Nell’area del Sulcis, cuore industriale e minerario del sud-ovest sardo, si è concretizzata una complessa operazione delle forze dell’ordine, orchestrata dai Carabinieri del Comando Provinciale di Cagliari, volta a smantellare un’organizzazione criminale dedita a una serie di attività illecite contro il patrimonio.
L’azione, scaturita da un’indagine approfondita condotta sotto la direzione della Procura di Cagliari, ha portato all’esecuzione di sette distinti provvedimenti cautelari, tra cui collocamenti in custodia cautelare in carcere, nei confronti di un gruppo di individui ritenuti i principali artefici di un’attività delinquenziale strutturata e radicata nel territorio.
L’operazione, avviata all’alba, ha coinvolto un ingente dispiegamento di risorse, testimonianza della gravità dei reati contestati e della complessità dell’organizzazione smantellata.
Oltre ottanta Carabinieri provenienti dalle stazioni locali, supportati dall’unità specializzata Squadrone Eliportato Cacciatori Sardegna, dai Nuclei Cinofili dell’Arma, e dall’11/o Nucleo Elicotteri di Cagliari, hanno partecipato attivamente all’esecuzione dei provvedimenti, garantendo la massima efficacia e sicurezza dell’intervento.

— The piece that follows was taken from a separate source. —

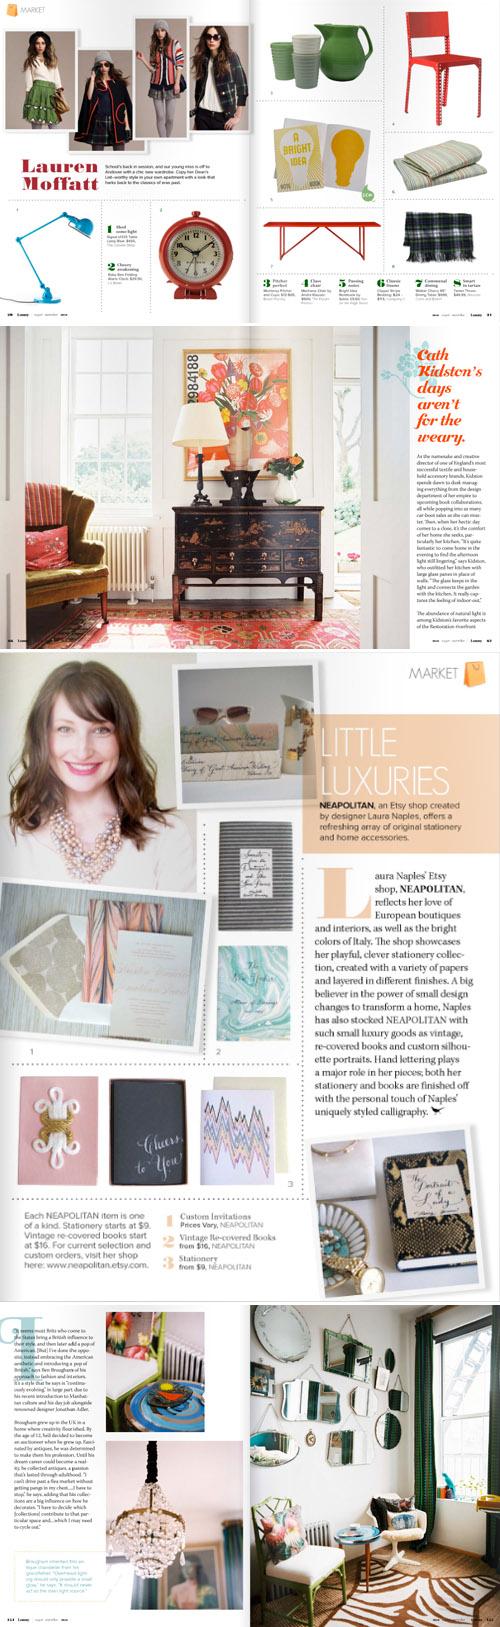 Home Decor Style Ideas from Lonny Magazine   Junebug Weddings

Le indagini, protrattesi nel tempo, hanno permesso di ricostruire un quadro dettagliato di un’associazione criminale operante nell’area di Carbonia, responsabile di una escalation di furti e atti vandalici che hanno destabilizzato la comunità locale e causato ingenti danni economici.
L’associazione, caratterizzata da una struttura gerarchica e un’organizzazione interna ben definita, mirava a sfruttare le vulnerabilità del territorio per massimizzare i profitti illeciti.

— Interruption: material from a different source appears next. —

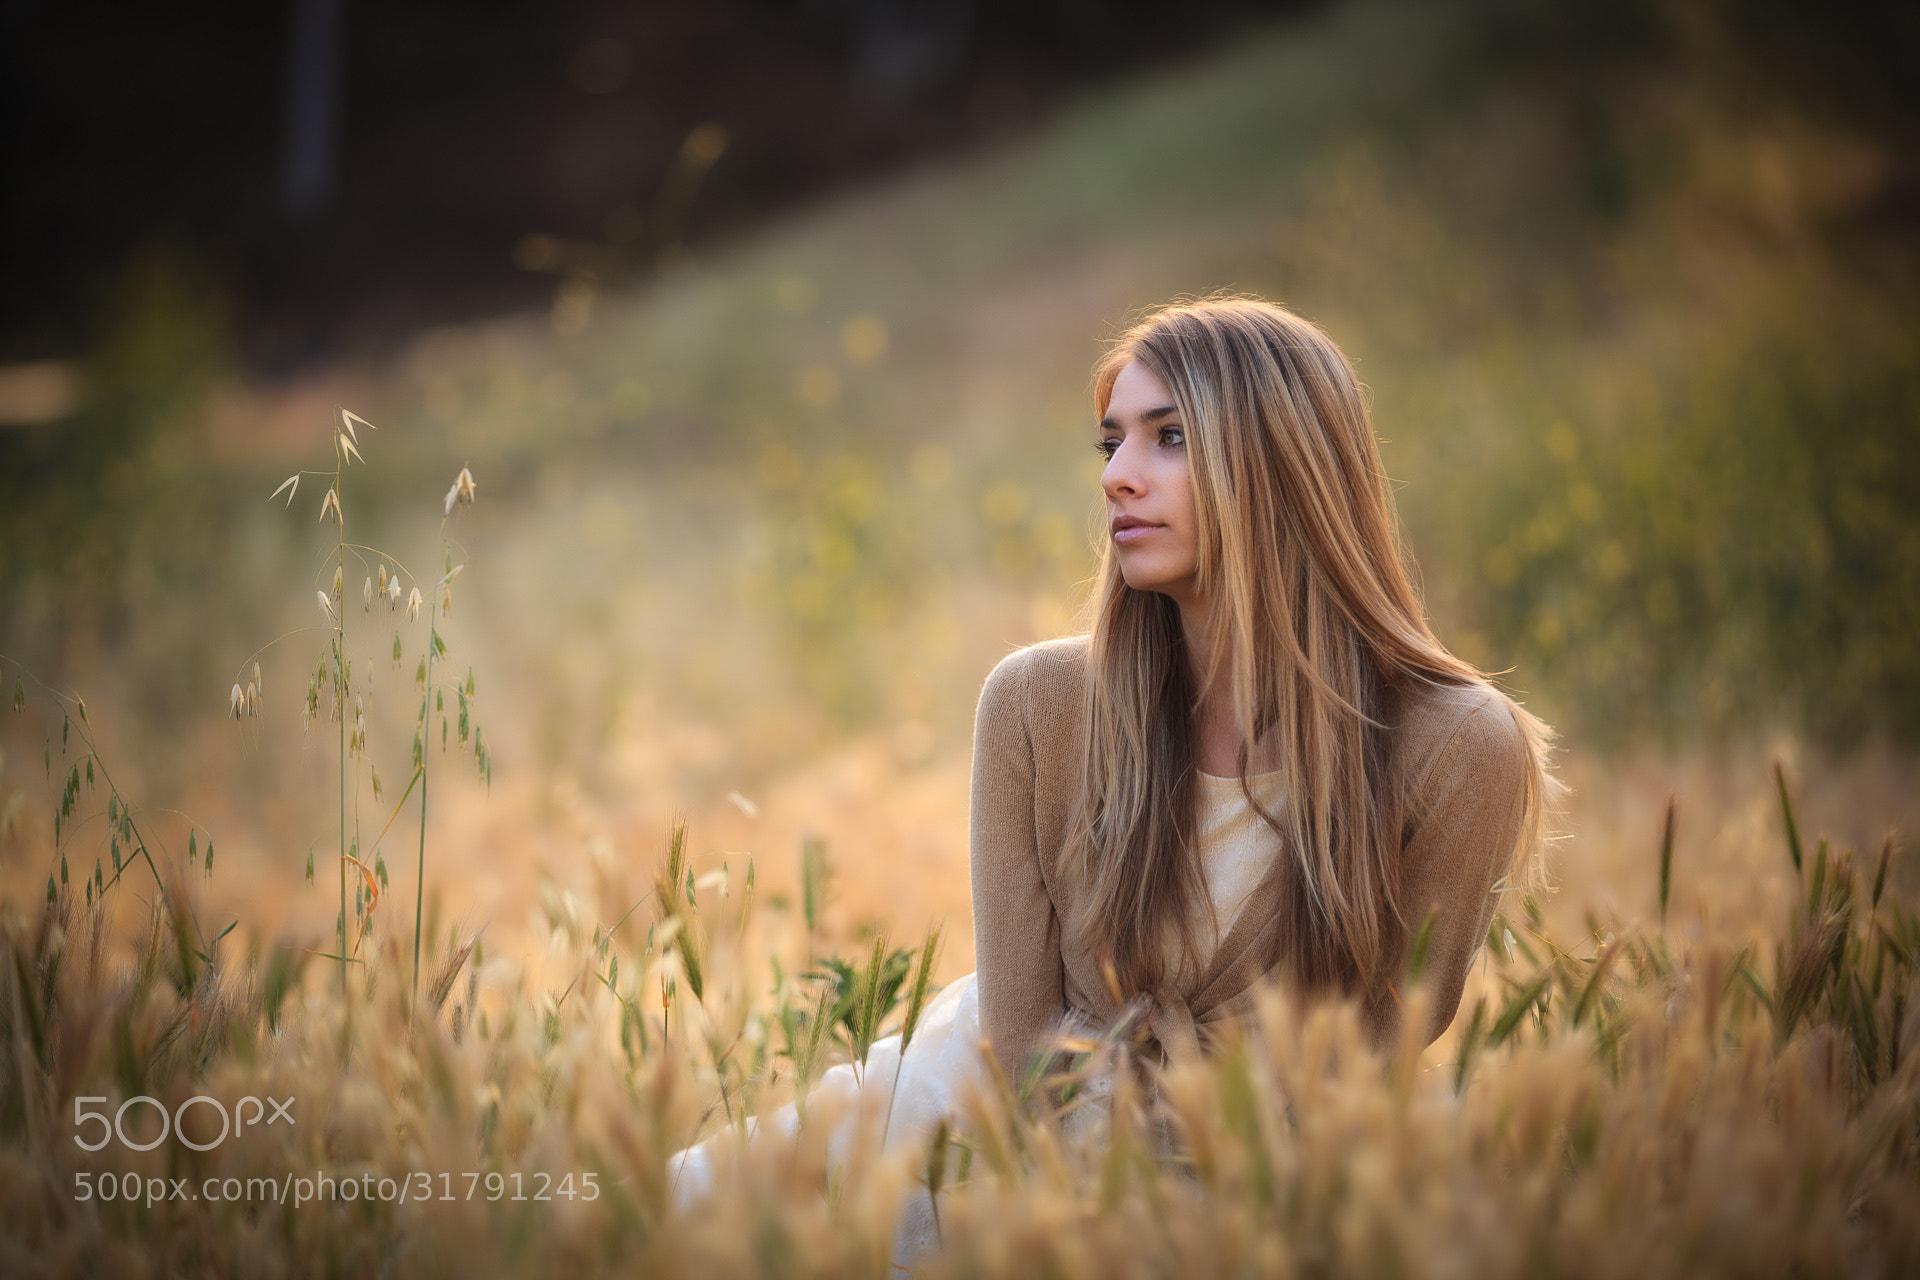 Photograph Dusk Toned Beauty by Steve Skinner on 500px

L’attività delle forze dell’ordine non si è limitata alla mera repressione dei reati commessi, ma ha avuto come obiettivo primario la disarticolazione della struttura criminale, al fine di prevenire ulteriori episodi delittuosi e restituire sicurezza alla popolazione.
La natura delle accuse, specificamente l’associazione a delinquere finalizzata alla commissione di reati contro il patrimonio, sottolinea l’intenzione di perseguire con la massima severità i responsabili, non solo per i singoli furti commessi, ma anche per il ruolo di leadership e organizzativo ricoperto all’interno dell’associazione.
L’operazione rappresenta un segnale forte nella lotta alla criminalità organizzata e un impegno concreto delle istituzioni a tutelare il patrimonio e la sicurezza dei cittadini.